Is Secret Flavor nostalgia product or a new group?
Secret dropped Secret Flavor on June 18 with a three-member lineup and new vocalist Yebin after a 12-year gap. Goldscene weighs whether RBW is selling catalog comfort or betting on a second-generation reboot.

Six remakes, one new face, zero apology. Secret dropped Secret Flavor on June 18 after a 12-year gap, and your group chat probably split before the second chorus of Ice Cream finished.
Half the room heard Madonna (2026 Ver.) and texted I missed this. The other half heard Yebin on the new vocal line and asked who she replaced and why RBW thought we would not notice.
That is the whole argument in one scroll.
The nostalgia half is not pretending
RBW did not bury the remakes in bonus tracks. The mini is eight songs, and six are 2010s hooks in 2026 packaging: Shy Boy, Starlight Moonlight, Love is MOVE, two different Madonna cuts for fans who want to argue arrangement fidelity on a Tuesday night.
This is not a reunion tour in a box. It is a playlist raid. Labels figured out that Gen Z already knows these melodies from karaoke rooms, dance covers, and clips where the original release year never appears in the caption. RBW is not teaching history. It is cashing checks younger ears already half-signed.
Ice Cream even samples Vivaldi's "Spring", which is the kind of fairy-tale hook Secret always sold: bright, immediate, a little ridiculous, impossible to hate on first listen. If Shy Boy (2026 Ver.) lands on a summer barbecue playlist, RBW wins without inventing a new meme. The nostalgia product does not need your forgiveness. It needs your autoplay.
The new-group half is the gamble
Jeon Hyosung and Jung Hana are not strangers. Yebin is. A 2002-born main vocalist in a group whose brand is teenage-memory fuel will always read cynical on paper, especially when TS Entertainment collapse and messy lineup history sit in the footnotes.
The upside is blunt: Secret was never built on avant-garde production. It was hook density and brightness. A three-member stack with a designated voice can book variety shows and festival slots faster than four women pretending nobody aged since YooHoo.
The risk is just as blunt: if Yebin sounds like a placeholder, the reboot dies on TikTok before August. Heritage comebacks get one release-week halo. They do not get infinite runway when Katseye is still on the Hot 100, Jennie's Dracula remix is still in top-10 conversation, and Hybe's Iconic by Mistake triple-stack ate the same June feed.

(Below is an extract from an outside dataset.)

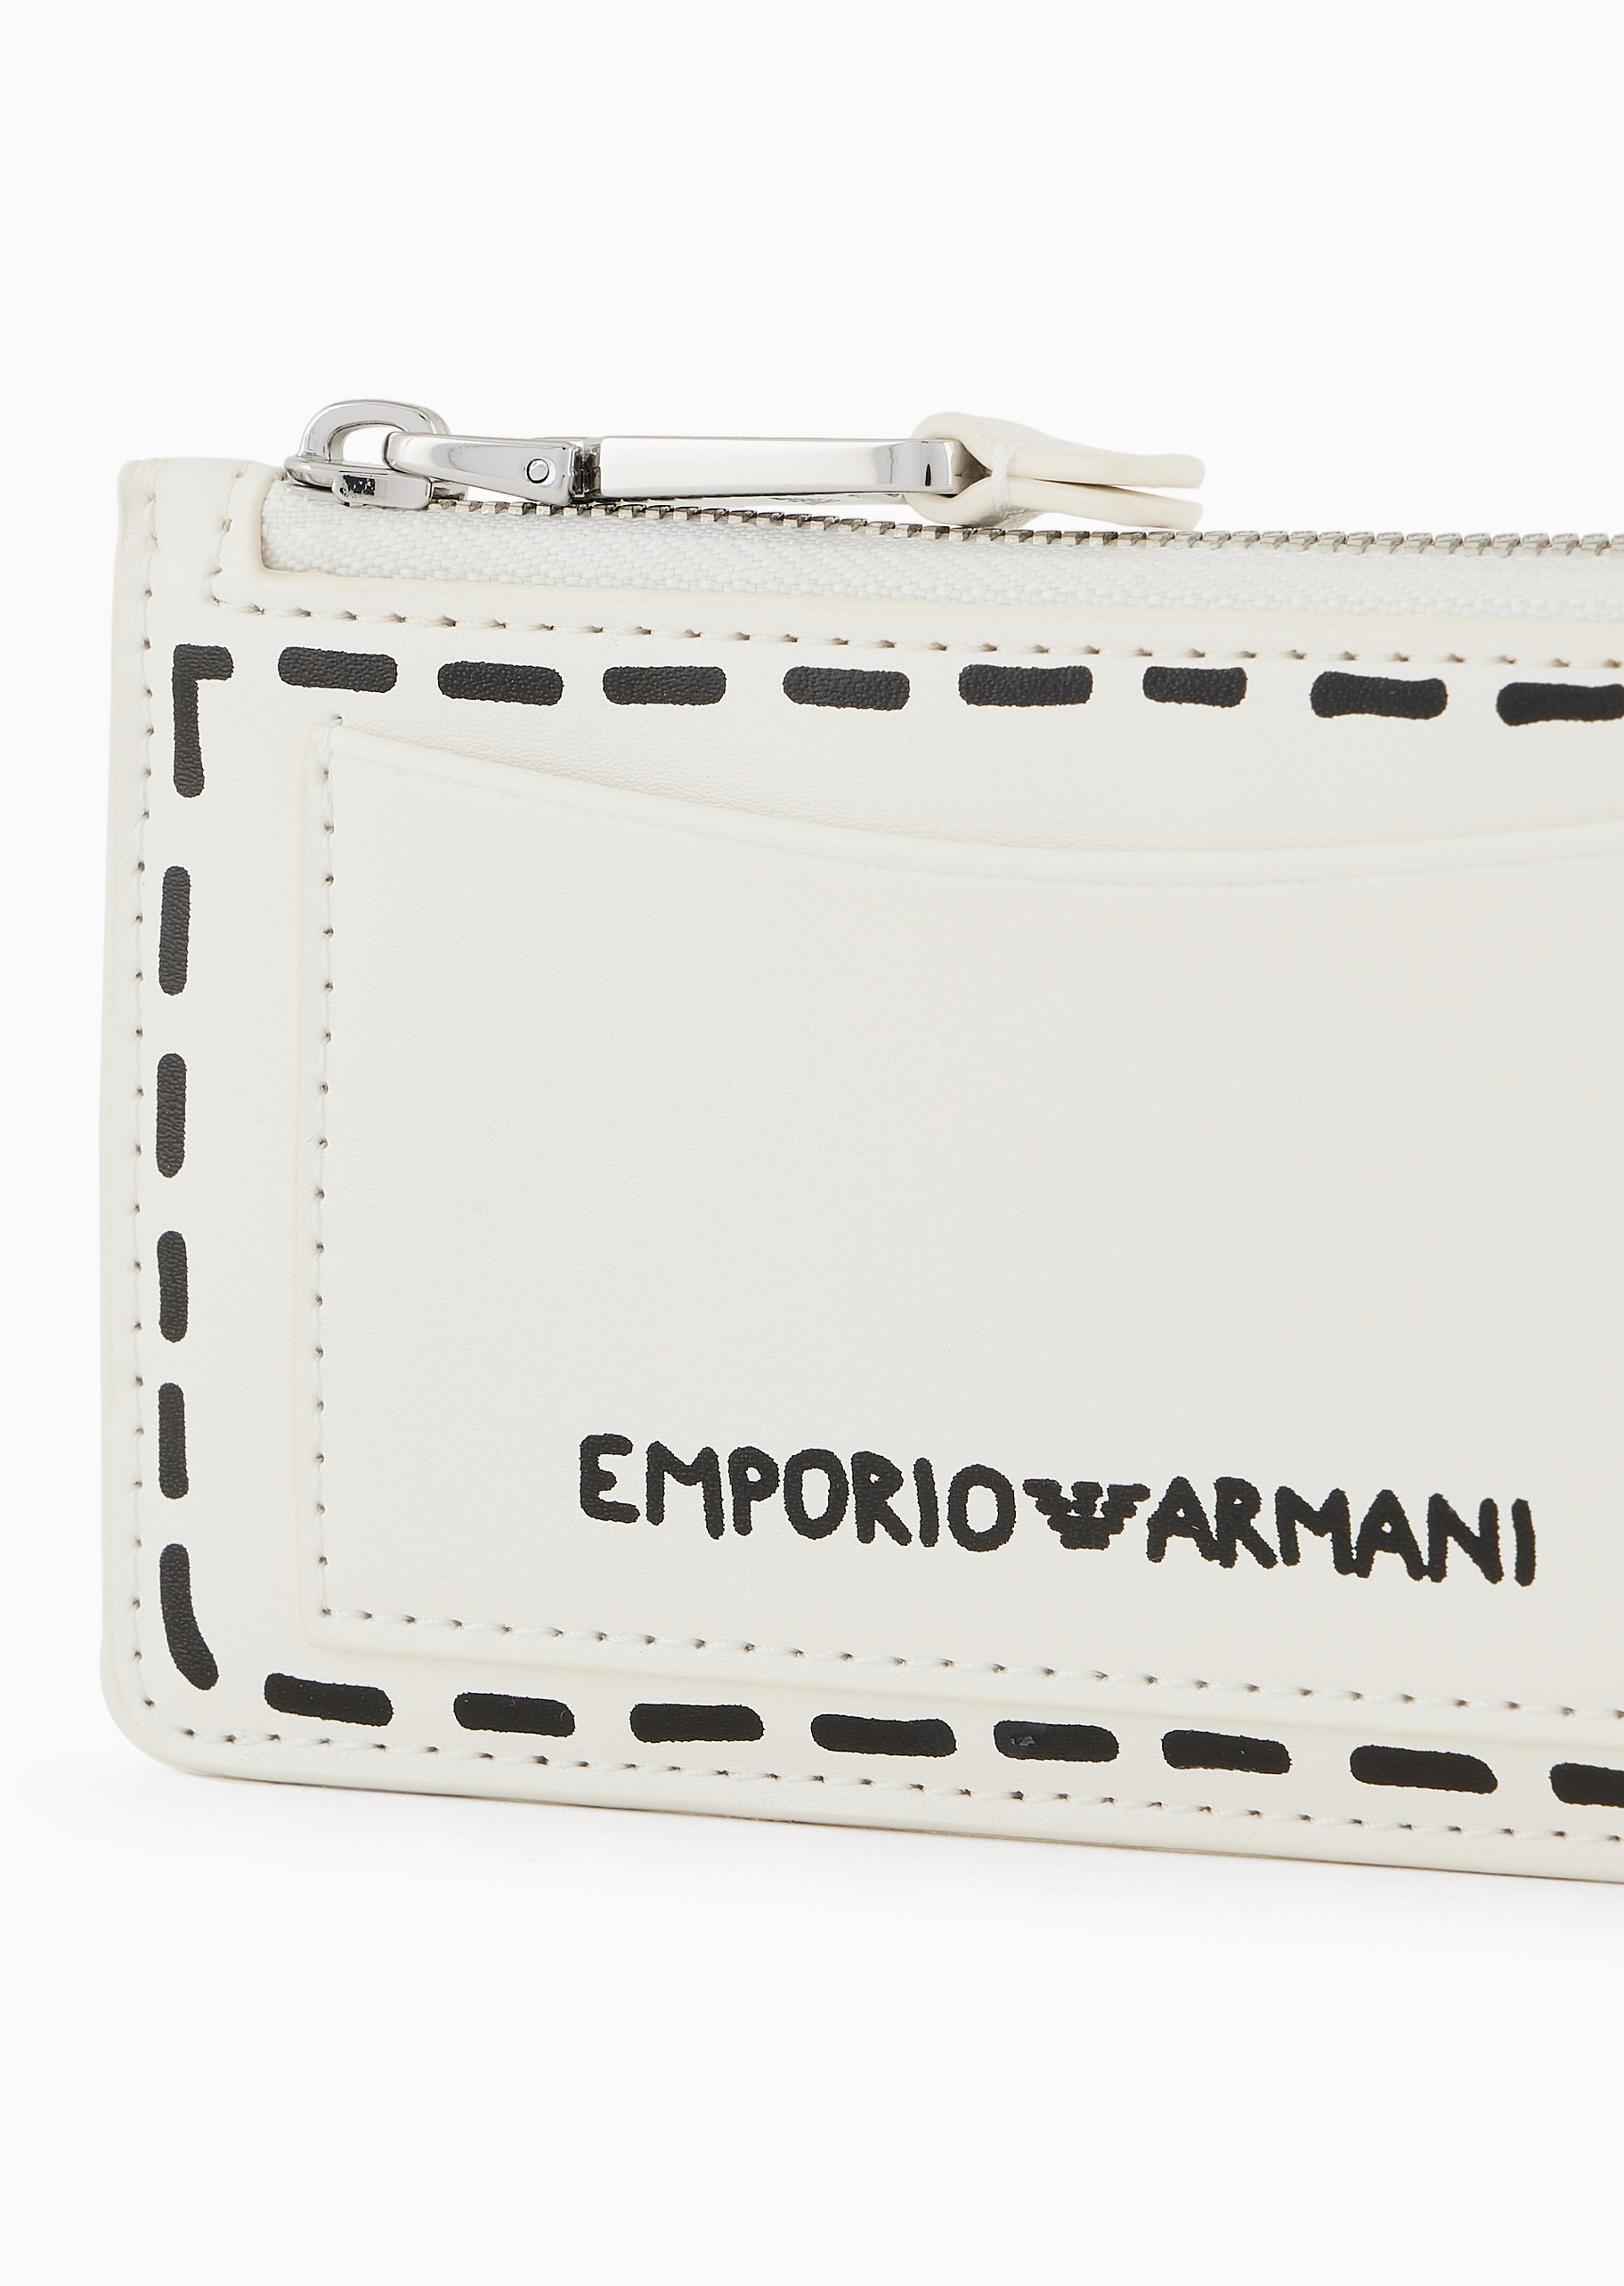 Emporio Armani 女士拉链长款时尚虚线印花手拿卡夹

Secret is not competing on reality-show origin energy. It is competing on whether 2014 brightness still converts when the competition is louder than the original radio week ever was.
What actually decides it
Streams spike on day one. Booking calendars decide month two.
If Secret vanishes from variety stages after the remake push, you got a nostalgia vending machine with a press cycle. If RBW keeps the trio on summer calendars while Hybe's joint singles debate is still running, that is a label treating them like a roster act again, not a one-week anniversary stunt.
Watch whether Yebin gets solo variety minutes, not just group choreography cuts. Watch whether international promo shows up before the July comeback pile gets louder.
Our verdict
The nostalgia product is the product. Yebin is the bet.
RBW shipped a greatest-hits machine that already works on ears who never owned the CDs. That half does not need your permission and probably does not need your stan account either. The reboot only becomes a new group if Yebin wins the second listen: if you reach for Ice Cream before the 2010 originals, RBW bought a future. If you skip straight to Madonna from 2012, they still made money and you still have a trio, not a reunion photo.
Right now Secret Flavor is comfort food with a hiring decision attached. Comfort food is selling. The hiring decision is still on probation.
Start with Ice Cream, then A/B both Madonna versions like a person who still argues about K-pop in group chats. Your friends will know which side you picked before you finish typing.